Filesystem sandbox (workspace_only) audited + regression-tested. A
security deep-dive confirmed the agent file-tool sandbox holds against path
traversal (incl. deep ../../etc/passwd and Windows ..\), absolute-path
escape, sibling shared-prefix (<ws> vs <ws>-evil), case-bypass on
case-insensitive filesystems, symlink-out, and rename_file exfiltration (both
from AND to checked; missing args fail closed) — no exploitable bug.
Added +7 regression tests so a future refactor can't silently reintroduce a
starts_with sibling bug or a check-before-canonicalize symlink hole.
ABI decoders hardened against hostile/garbage RPC responses (registry.rs).
Nine dynamic decoders read offset/length words from untrusted eth_call
responses then did unchecked arithmetic before slicing. In the release/wasm
profile (panic="abort", overflow-checks OFF — the deployed one) a hostile
word WRAPPED → silently sliced the wrong region → returned wrong owner /
metadata / persona / device / signaling bytes with no error (in dev it
panicked). devices_of also pre-allocated Vec::with_capacity(hostile_len)
(OOM).
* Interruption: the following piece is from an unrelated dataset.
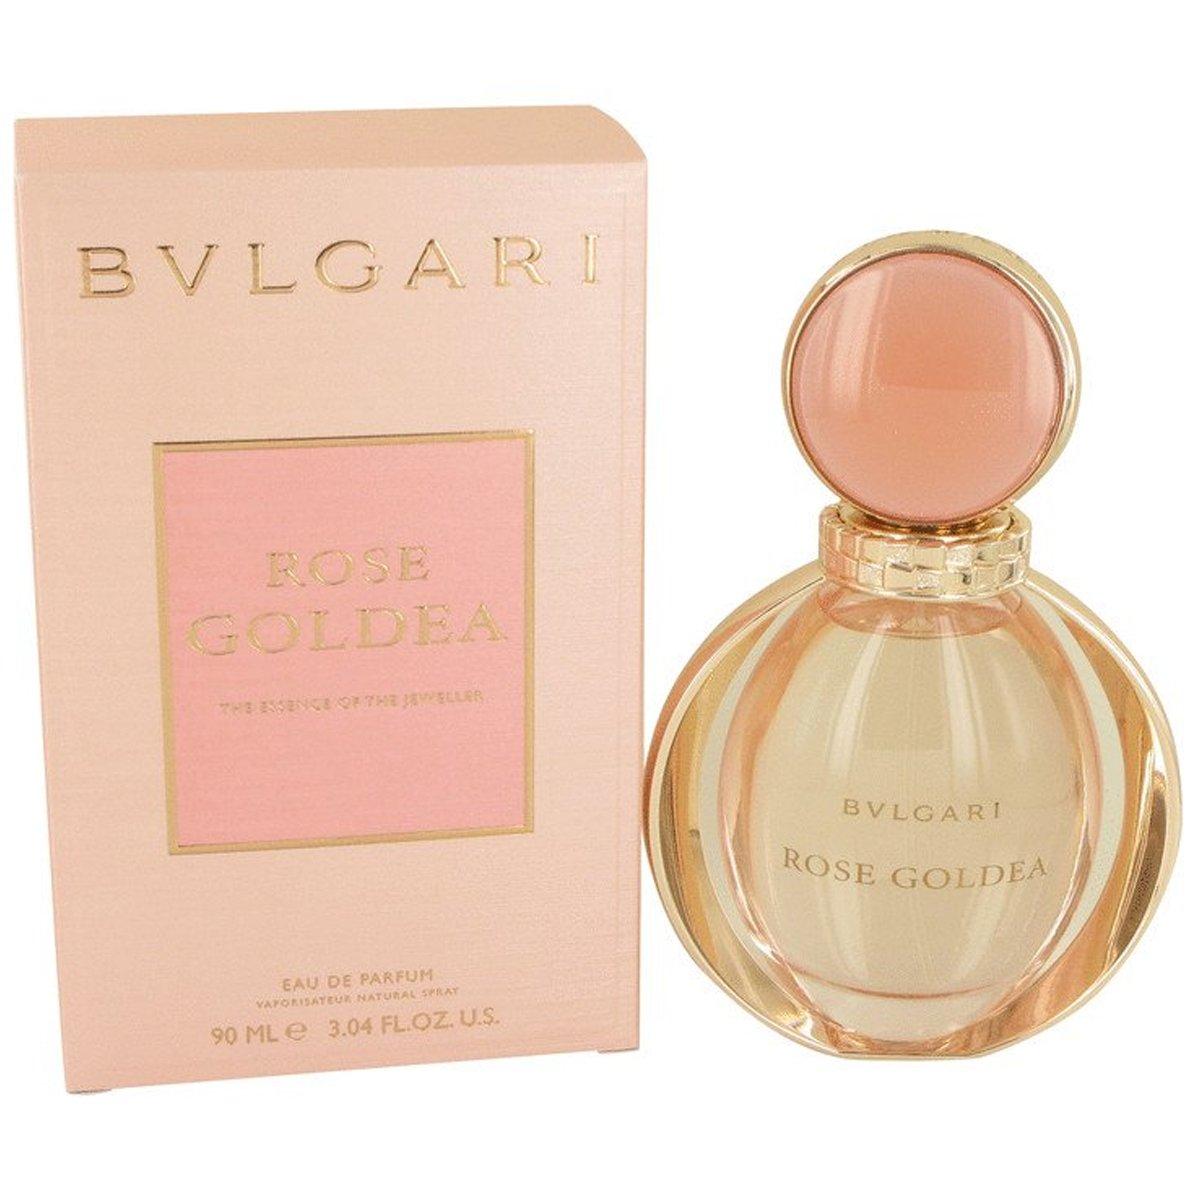 0c418e1a69f5 Amazon.com   Bvlgari Rose Goldea Eau de Parfum Spray for Woman, EDP 3 fl  oz. 90 ml   Beauty

All derived indices now use checked_add/checked_mul + .get()
(behavior-preserving on valid input; hostile input → empty/None/Err). +9
hostile-input/edge-case tests.
CLI: create now protects the persisted identity key. It sets owner-only
perms (0600, unix) and adds *.localharness.key to .gitignore (created if
absent) so a raw private key written to the working directory can't be
world-readable or accidentally git commited. Surfaced by the on-chain
test-user fleet (vex-qa) dogfooding the platform — a closed feedback loop:
the fleet filed it on-chain, this fixes it. (+ a pure unit test for the
idempotent .gitignore check.)
Proxy: auth-token replay window cut 24h → 5 min. FRESHNESS_WINDOW_SECS
was 86400, so a captured address:timestamp:signature token was replayable for
a day. Clients sign per request, so 300s (ample clock-skew tolerance) closes the
window at no UX cost.
Proxy: request-body size cap (16 MB). An oversized declared Content-Length
is now rejected up front (413) so one caller can't make the edge function buffer
a multi-GB body. Generous enough for max-context LLM requests.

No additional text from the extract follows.